Abstract
Purpose :
Purpose: Fuchs endothelial corneal dystrophy (FECD) is a genetic, female predominant, and late-stage oxidative disorder characterized by progressive loss of corneal endothelial cells (CEnCs). Previously, we have reported a decrease in [NAD(P)H: quinone oxidoreductase 1 (NQO1)], an estrogen metabolite detoxifying enzyme, and altered estrogen metabolism in FECD. In this study, we have investigated the role of reactive estrogen metabolites in the estrogen genotoxic pathway for FECD.
Methods :
Methods: NQO1+/+ and NQO1-/- male and female mice were irradiated with UVA (500 J/cm2). CEnCs were imaged using a Heidelberg Retinal Imaging Rostock Corneal module (HRT-RCT) and quantified manually at weeks 1,2 and 4 post-UVA. At week 4 post-UVA, toxic estrogen metabolites (4-OHE1/2 2-OHE1/2), depurinating DNA adducts, and neutralized protective estrogen conjugates (4-OCH3E1/2 and 2-OCH3E1/2) were analyzed by Ultraperformance Liquid Chromatography/Tandem Mass Spectrometry (UPLC/MS) in the cornea and reactive oxygen species (ROS) was analyzed in the aqueous humor.
Results :
Results: At week 2 post-UVA, when compared to the baseline, UVA irradiation led to the greatest decrease in HCEnCs in NQO1-/- female mice (45.7%), followed by NQO1-/- males (25%), NQO1+/+ females (24.8%) and then NQO+/+ males (6.8%).
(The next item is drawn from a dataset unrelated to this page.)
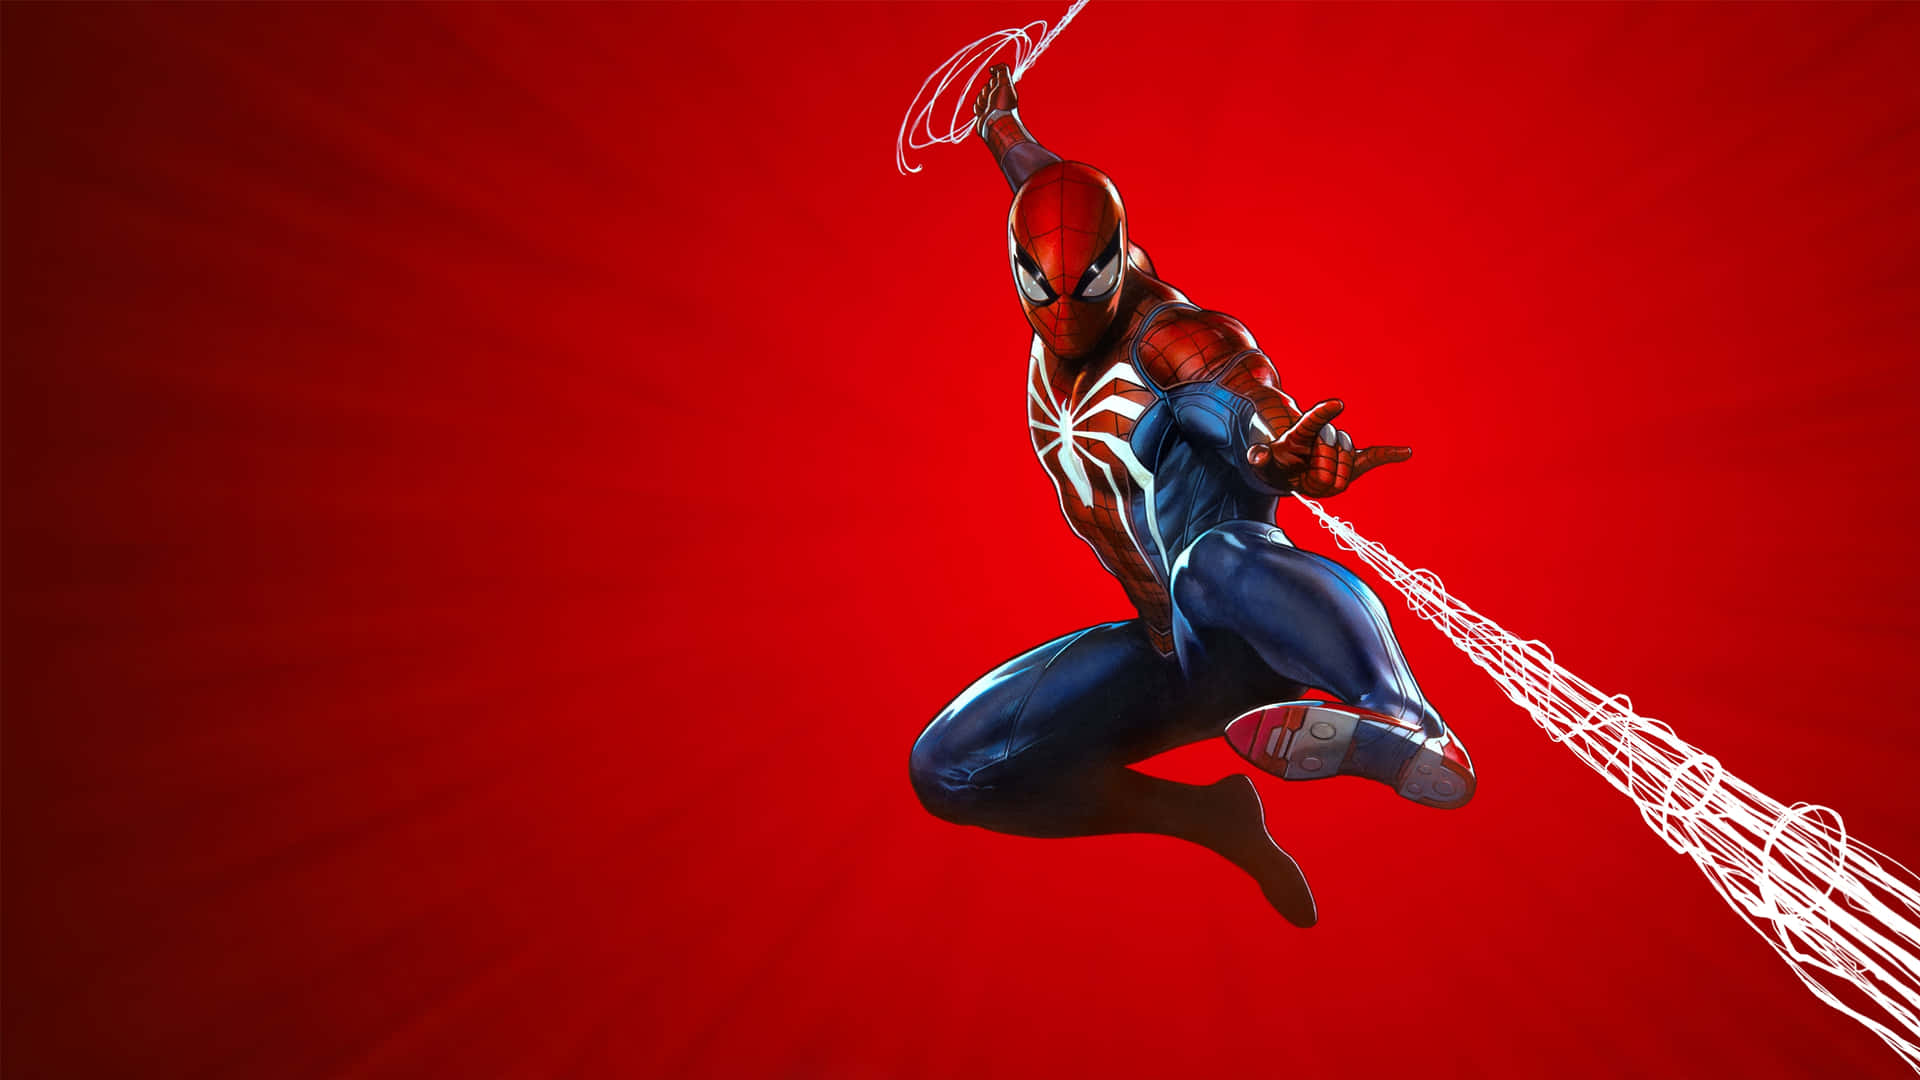 Cool Ps4 Game Character Spider-man With Famous Jump Pose

UPLC/MS-based metabolites analysis demonstrated that NQO1-/- females had a 4.2-fold increase (p<0.05) in the ratio (OD/OS) of 4-OHE1/2, a 7.4-fold increase (p<0.05) in 2-OHE1/2, a 10.1-fold increase (p<0.05) in 4-OHE1/2 DNA adducts compared to NQO1-/- males, a 10-fold increase (p<0.05) in 2-OHE1/2 for NQO1+/+ female compared to NQO1+/+ male. Thus, increased reactive estrogen adducts may lead to increased susceptibility to CEnC loss in NQO1-/- females. For 4-OCH3E1/2 and 2-OCH3E1/2, NQO1-/- females had a 5-fold and 2.7-fold decrease (p<0.05, respectively) compared to NQO-/- males, explaining the conversion of most estrogen metabolites to toxic byproducts in females. NQO1-/- females had a 3-fold increase in ROS compared to NQO1-/- males and unaltered in NQO1+/+ females and males.
Conclusions :
Conclusions: Our study indicates that NQO1 deficiency accelerates UVA-induced CEnC loss in females due to increased reactive toxic estrogen DNA adducts. This novel study highlights the potential role of NQO1-mediated estrogen metabolite genotoxicity in explaining the higher incidence of FECD in females.
This is a 2021 ARVO Annual Meeting abstract.